Use region selection to isolate only the transaction table (avoid margins, page numbers, etc.).
If descriptions wrap, test a smaller range first (one page) and inspect whether wrapped lines are grouped correctly.
If the table has debit/credit columns, confirm the extractor doesn't merge them into one field.

After extraction: normalize and clean

Once you have "something" exported, the next goal is to enforce a consistent schema and remove junk rows.

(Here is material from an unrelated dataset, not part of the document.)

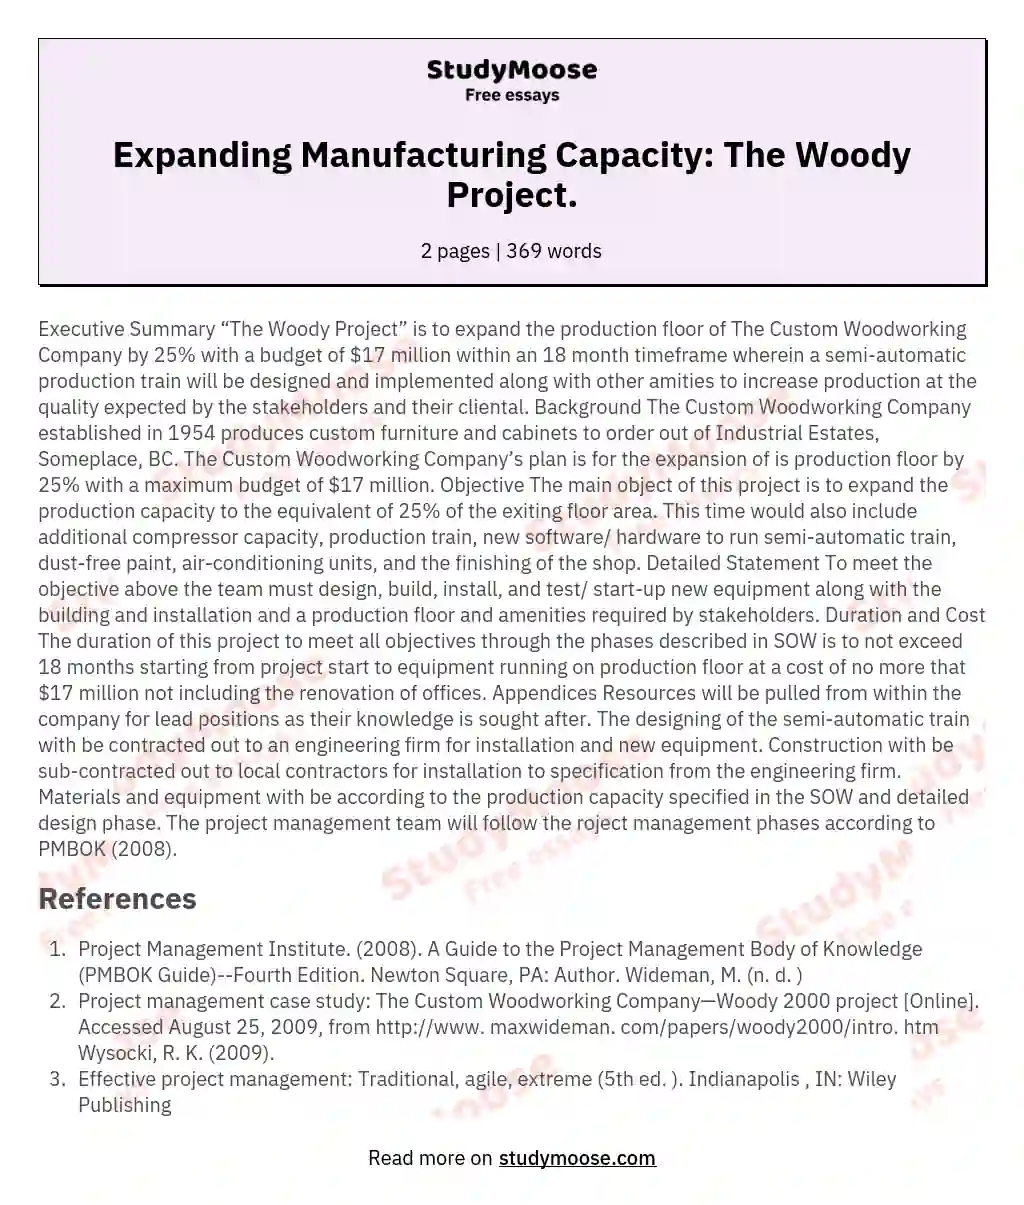 Expanding Manufacturing Capacity: The Woody Project. essay

Remove repeated headers and empty rows.
Normalize columns to a stable shape. For bank statements, the most reusable schema is typically: date, description, amount (or debit/credit), and optionally balance.
Standardize columns with Statement Converter so downstream tools receive consistent fields.
If you do cleanup in Excel, use careful import and cleaning practices; see cleaning bank statement data in Excel.

How to validate results

Sanity checks you can do fast

Spot-check 10 random rows: verify date, description, and amount align.
Scan for OCR artifacts: "O" vs "0", missing decimals, unexpected commas.
Sort by amount: unusually large or unusually tiny values can expose parsing issues.
Count rows: compare roughly to the number of transactions visible in the statement.

Reconciliation checks (when available)

If your statement includes opening and closing balance (or a running balance column), you can do stronger validation:

Verify the opening balance matches the first row's starting point (if shown).
Check that the closing balance matches the statement's ending balance.
Ensure debits reduce balance and credits increase it (sign errors are common).

When to stop and choose another format

Sometimes the best fix is not "try harder," but "change inputs." If you keep seeing shifted columns and broken rows after multiple attempts, look for an alternate export path:

Download transactions as CSV if your bank offers it.
Try a different PDF period (some months have different templates).
Ask the bank for a machine-readable export (even if it's hidden behind "Download").

If you want a broader understanding of file formats banks use, see common bank statement formats explained.

FAQ

Extraction is a game of "good enough + validation." The goal isn't to produce a pretty spreadsheet; it's to produce data you can trust for the workflow you're about to run.